J’ai renouvelé l’expérience avec « La tête du lapin bleu » … et j’ai travaillé encore plus fort, plus dans le détail, plus longtemps, toujours avec l’aide de personnes bienveillantes. Cette fois, j’avais le sentiment que le résultat était à la hauteur de mes attentes, même si le doute persistait, et si je savais que je n’étais pas au bout de mes efforts. 

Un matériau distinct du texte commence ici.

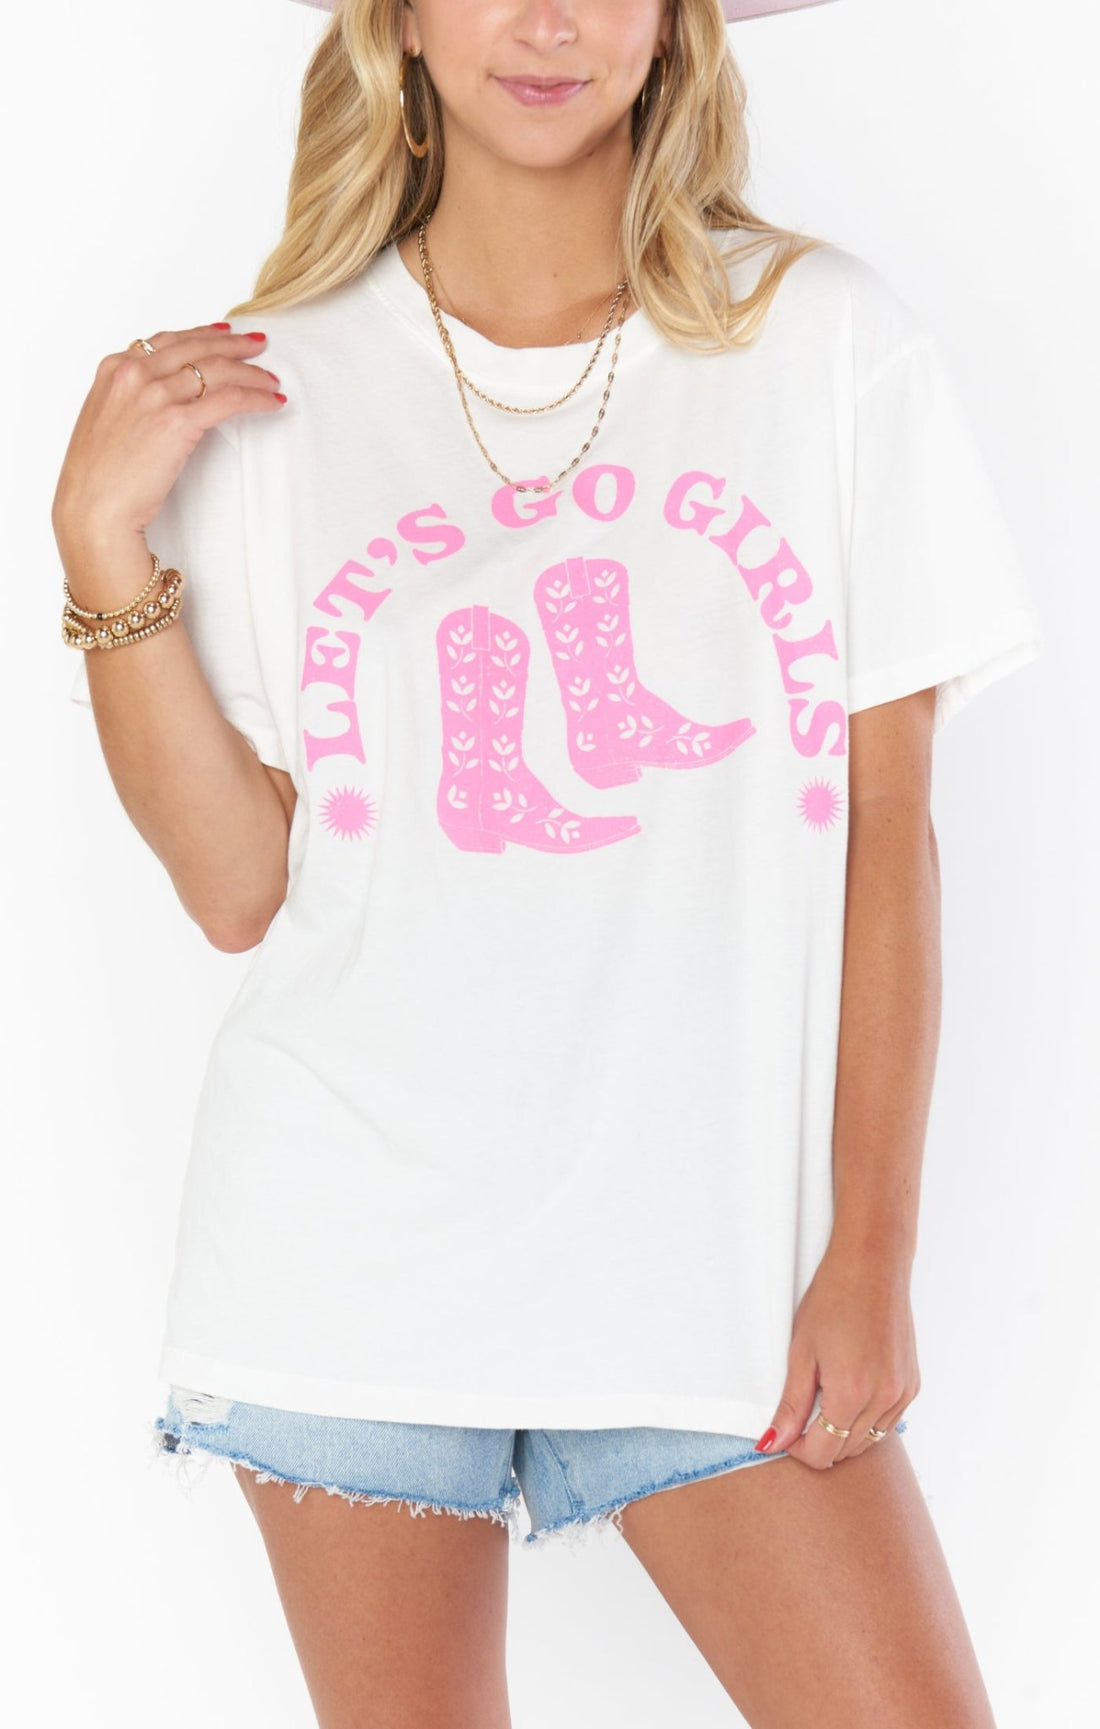 Shop Show Me Your Mumu Travis Tee Lets Go Girls Graphic - Premium T-Shirt from Show Me Your Mumu Online now at Spoiled Brat

Ce roman représente un peu à lui seul le bilan de ces cinq années. Ce n’est pas le résultat d’un quelconque talent, ce n’est pas non plus un chef-d’œuvre, mais il est l’aboutissement d’un parcours où j’ai compris que le travail, la remise en cause, le plaisir d’écrire des choses que l’on aime était primordial. Désormais, je sais où je vais. Je n’écrirai plus pour gagner en visibilité, ou pour collectionner des lecteurs, me conformer aux attentes, mais juste pour assouvir un besoin… celui de me faire plaisir, de me mettre en danger, et d’aller toujours plus loin. 

Remerciements

Comment ne pas être reconnaissant ? Je le suis en pensant aux premiers lecteurs, ceux des années 95 et suivantes, alors que j’écrivais des articles sur un site d’avis de consommateurs, et qui m’ont poussé à écrire. Ceux ensuite qui ont lu mes premiers écrits, qui m’ont ouvert les yeux sur le manque de qualité, qui m’ont crié que l’histoire était belle, et les personnages criants de vérité. Ceux qui m’ont suivi malgré mes changements de cap. Tous les nouveaux qui ne craignent pas de lire mes premiers livres, souvent avec indulgence. 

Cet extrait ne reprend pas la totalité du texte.